Include /etc/httpd/conf/mod_security.conf

This shouldn't fire on most popular web apps, check your logs for request blocks and determine if they are legit or false alarm.
 

Dani

Well-Known Member
#2
I think it needs some rewriting to work with LS if I'm not mistaken.. hope the crew can answer that better than me tho. It's a nice filter to start with that you can later customize to your server as not all is needed in my opinion. As the more filters the more it will slow down the processing if you ask me :)
 

felosi

Well-Known Member
#3
no, its fully functional with lsws. I was just posting it here in case someone wanted to use it
I install it on every litespeed server I have and on new setups as well. Does good.

As far as slowing down processing, it doesnt affect litespeed. Ive loaded much bigger rulesets then this and measured page load times, server load, etc with and without and there was no difference. Im sure it may on smaller machines though.

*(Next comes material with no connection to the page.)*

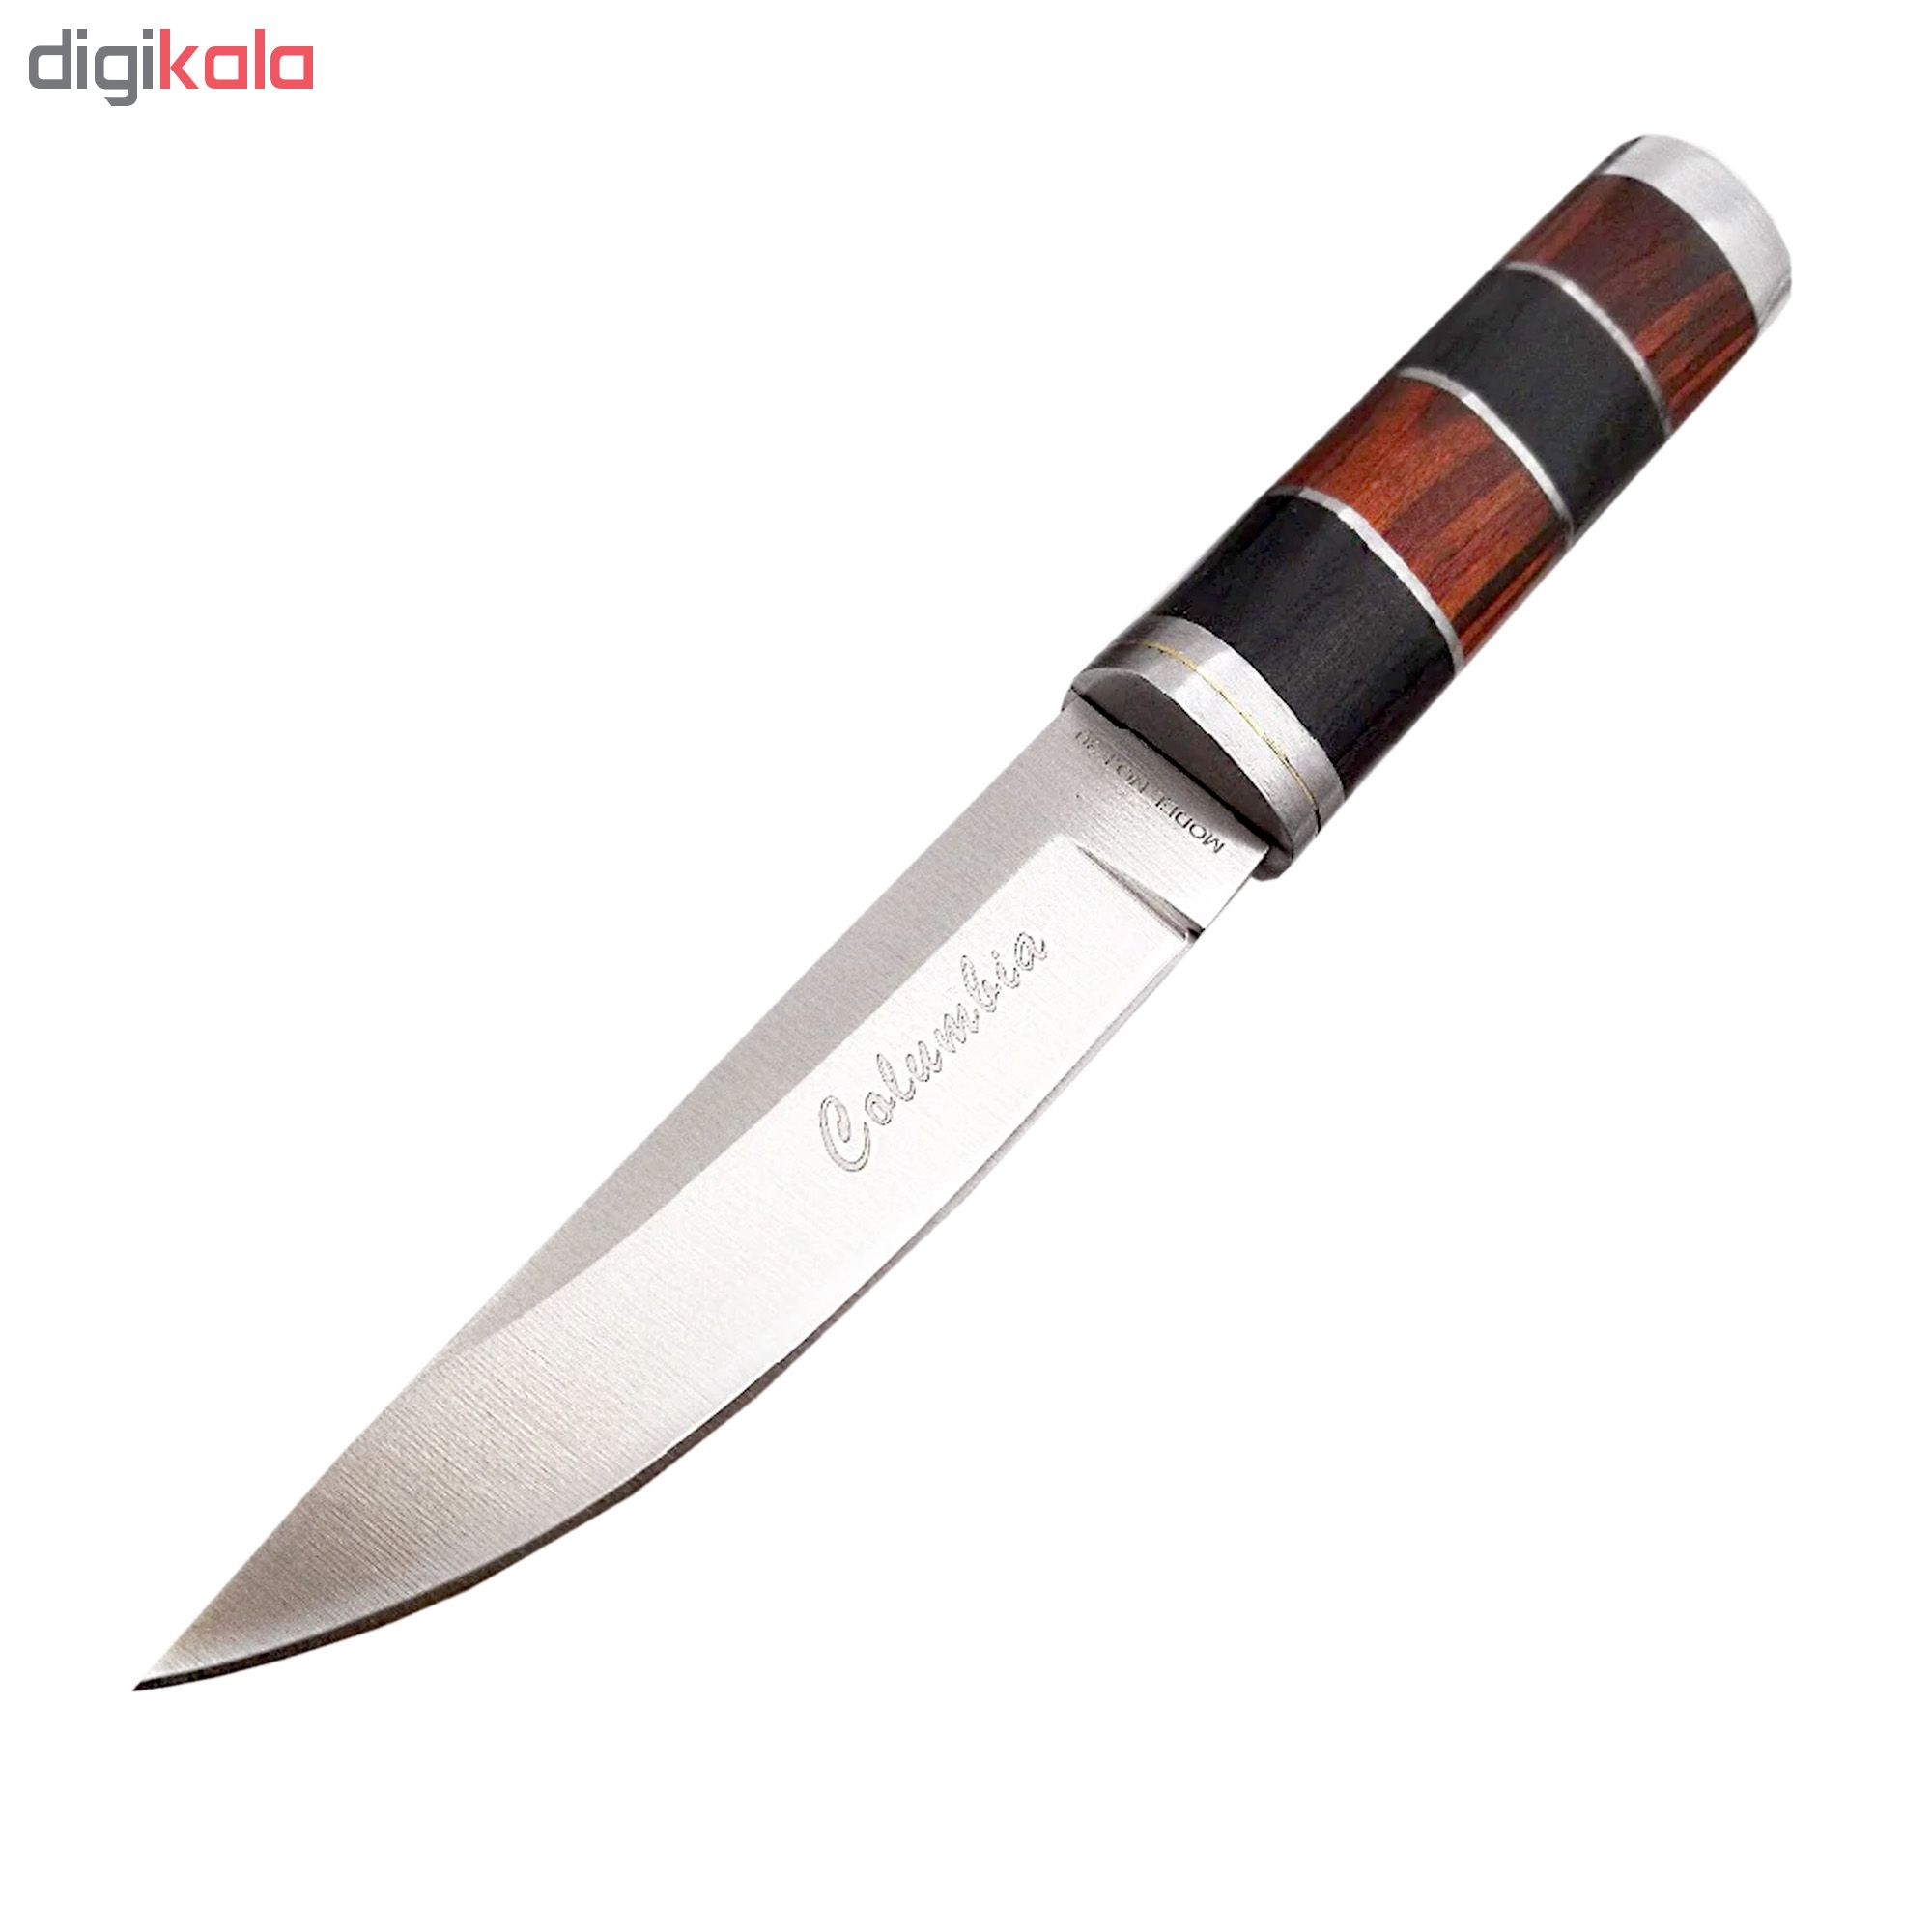 چاقو سفری کلمبیا کد k-30

But this ruleset here is good for vps and servers
 

Dani

Well-Known Member
#4
so the
<IfModule mod_security.c>
stuff dosn't need to get filtered out before using this? I'm ofcource talking about the LS Request Filter settings. But maybe you load this somewhere else in LS?
 

anewday

Well-Known Member
#5
How updated is this ruleset?
Probably a good idea to comment out this line:

# Change Server: string
SecServerSignature "Apache"

You wouldn't want others to think your server is running Apache...

And why comment this out?

# Protecting from XSS attacks through the PHP session cookie
#SecFilterSelective ARG_PHPSESSID "!^[0-9a-z]*$"
#SecFilterSelective COOKIE_PHPSESSID "!^[0-9a-z]*$"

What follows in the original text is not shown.